Letzten Freitag ist ein Mann in Hamburg pleitegegangen. Nicht mit einer, nicht mit zwei, sondern mit drei Firmen. Drei Unternehmen, die zusammen 87 Angestellte beschäftigten. Die Banken haben ihm die Kredite gestrichen, weil die „Bonität“ plötzlich „nicht mehr tragbar“ war. Die Arbeiter? Die stehen jetzt auf der Straße. Die Zahlen sagen: Für jeden Pleitegang wie diesen gibt es drei, die noch nicht pleite sind – aber schon krank. Die Zahlen sagen: Die Arbeitslosigkeit steigt nicht, weil die Leute keine Jobs finden. Die Zahlen sagen: Die Leute wollen keine Jobs mehr, weil die Löhne seit 1931 um 38 Prozent gefallen sind. Die Herren in den Anzügen nennen das „Anpassung“. Ich nenne es: ein Land, das sich selbst aushungert, während die Banken in ihren glänzenden Sälen Kaffee trinken und über „stabile Währungen“ reden.
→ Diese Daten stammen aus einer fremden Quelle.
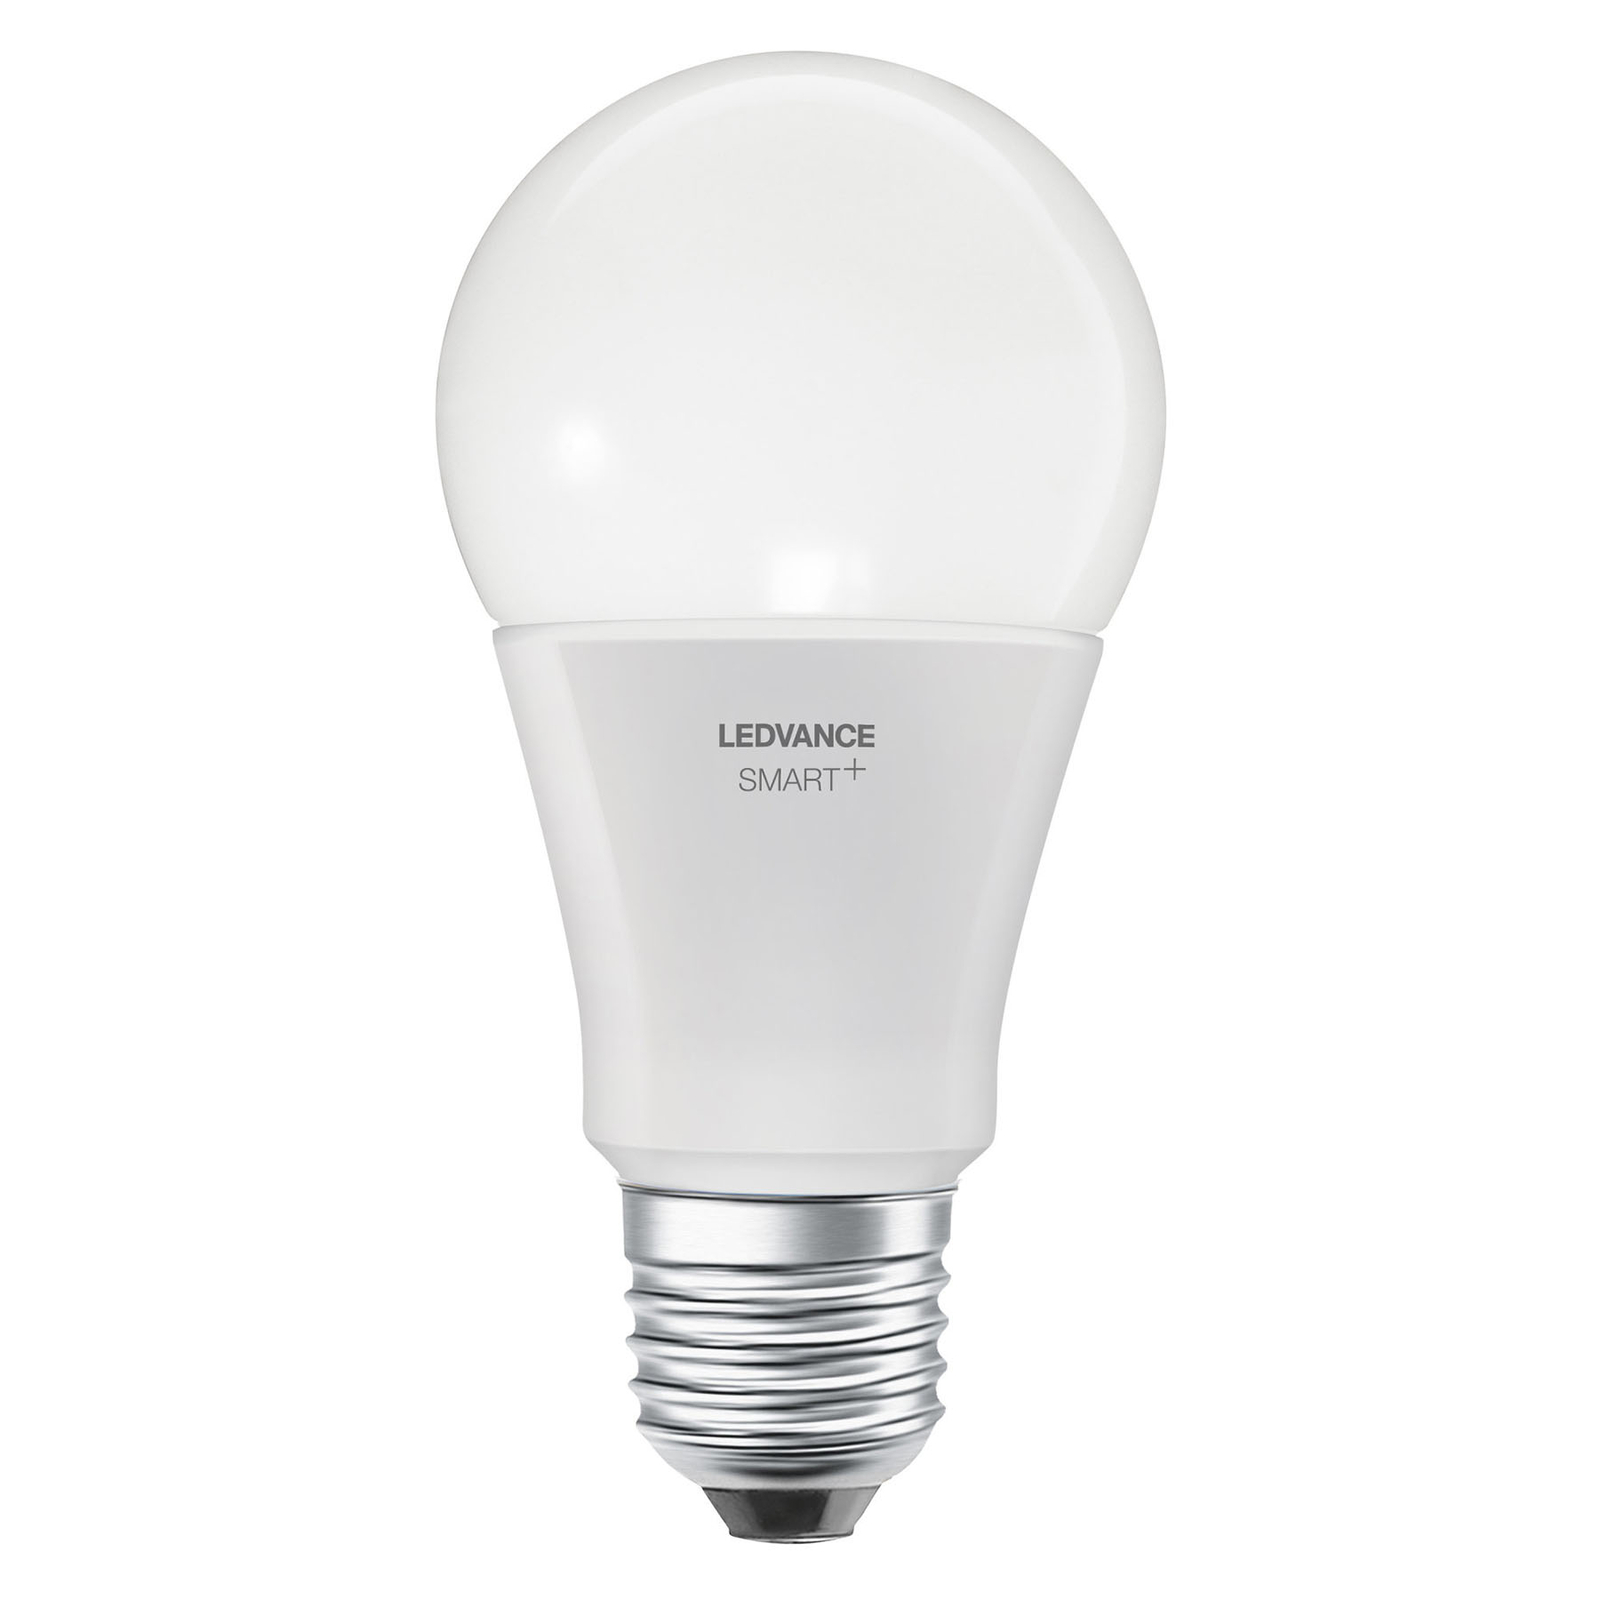 LEDVANCE SMART+ WiFi E27 14W Classic 2700-6500K
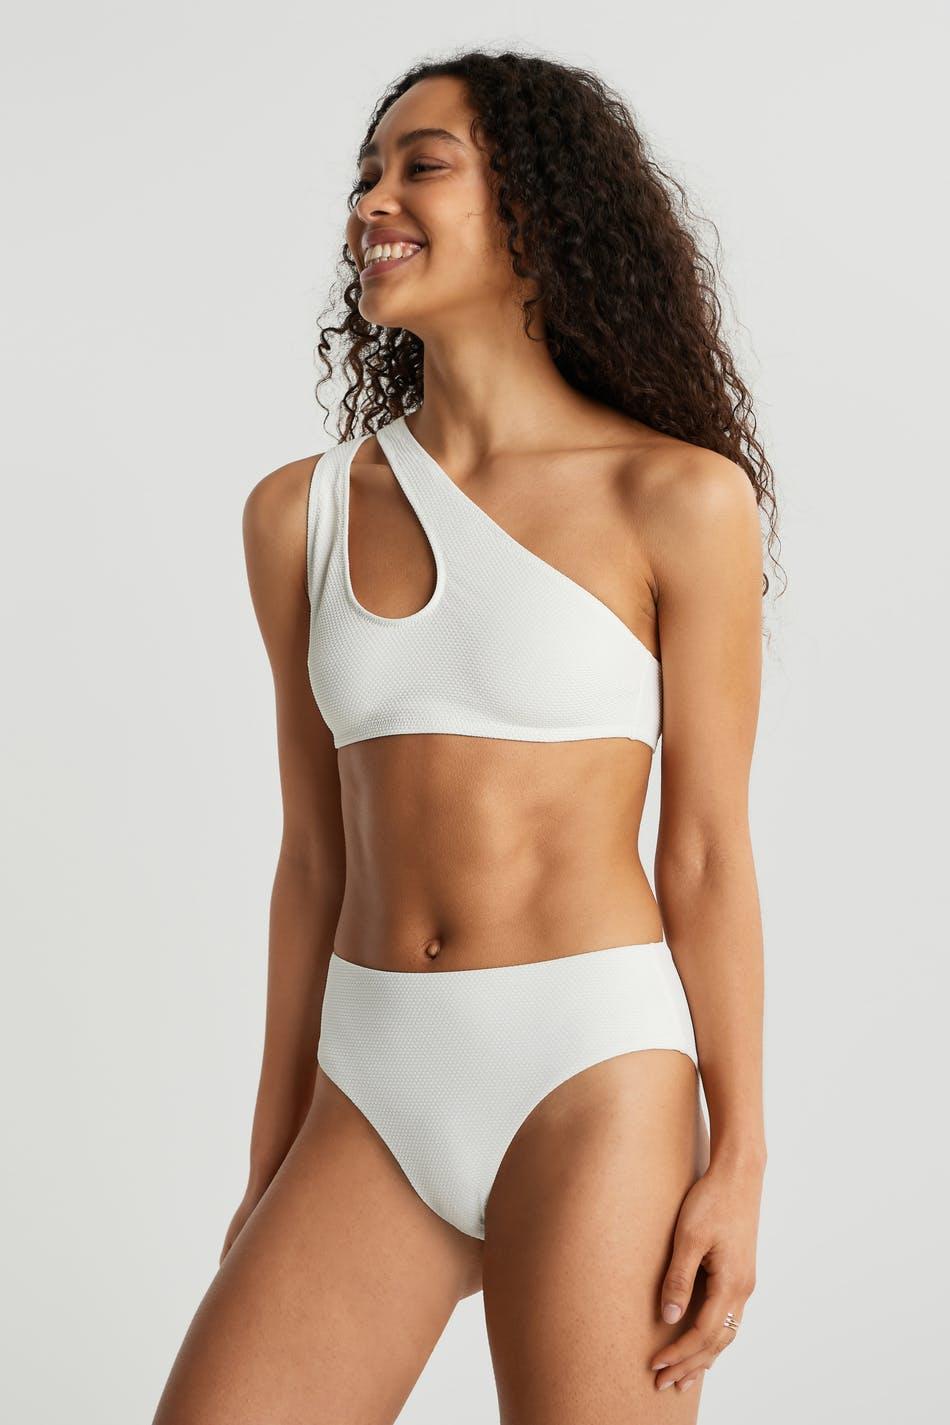 Gina Tricot Nina highwaist bikini brief S Female Cloud dancer (1062)

Die Reichsbank hat heute Morgen verkündet, dass die Geldmenge „kontrolliert“ werden muss. Das bedeutet: Es wird weniger Geld geben. Nicht für die, die es brauchen. Sondern für die, die es schon haben. Die Zahlen sagen: Wenn die Geldmenge um weitere 10 Prozent schrumpft, dann wird der kleine Händler in Leipzig, der sein Geschäft mit Krediten am Laufen hält, plötzlich feststellen, dass seine Rechnungen nicht mehr bezahlt werden. Die Zahlen sagen: Die Leute werden nicht weniger kaufen, weil sie keine Lust auf Arbeit haben. Die Zahlen sagen: Sie werden weniger kaufen, weil sie kein Geld mehr haben. Und die Herren in den Anzügen? Die sitzen da und erklären, warum der Konsum „irresponsibel“ ist. Als ob Konsum ein Verbrechen wäre.
Ich habe in den Büchern der Handelskammer gesessen. Ich habe gesehen, wie die Zahlen die Wahrheit ersticken. Ich habe gehört, wie die Männer in den Anzügen von „Strukturwandel“ und „langfristigen Perspektiven“ gefaselt haben, während die Fabriken stillstanden und die Leute hungerten. Ich habe gewusst, was kommt. Nicht, weil ich Hellseher bin. Sondern weil ich die Zahlen verstehe. Und die Zahlen lügen nicht. Sie lügen nur langsam. Und wenn sie endlich anfangen zu schreien, dann ist es zu spät für die, die sie nicht hören wollen.
Rauche deine Pfeife, wenn du das liest. Und denk daran: Die Herren in den Anzügen haben immer eine neue Erklärung für den Gürtel, den du enger schnallen sollst. Aber sie haben nie eine für die Löhne, die du nicht mehr verdienst.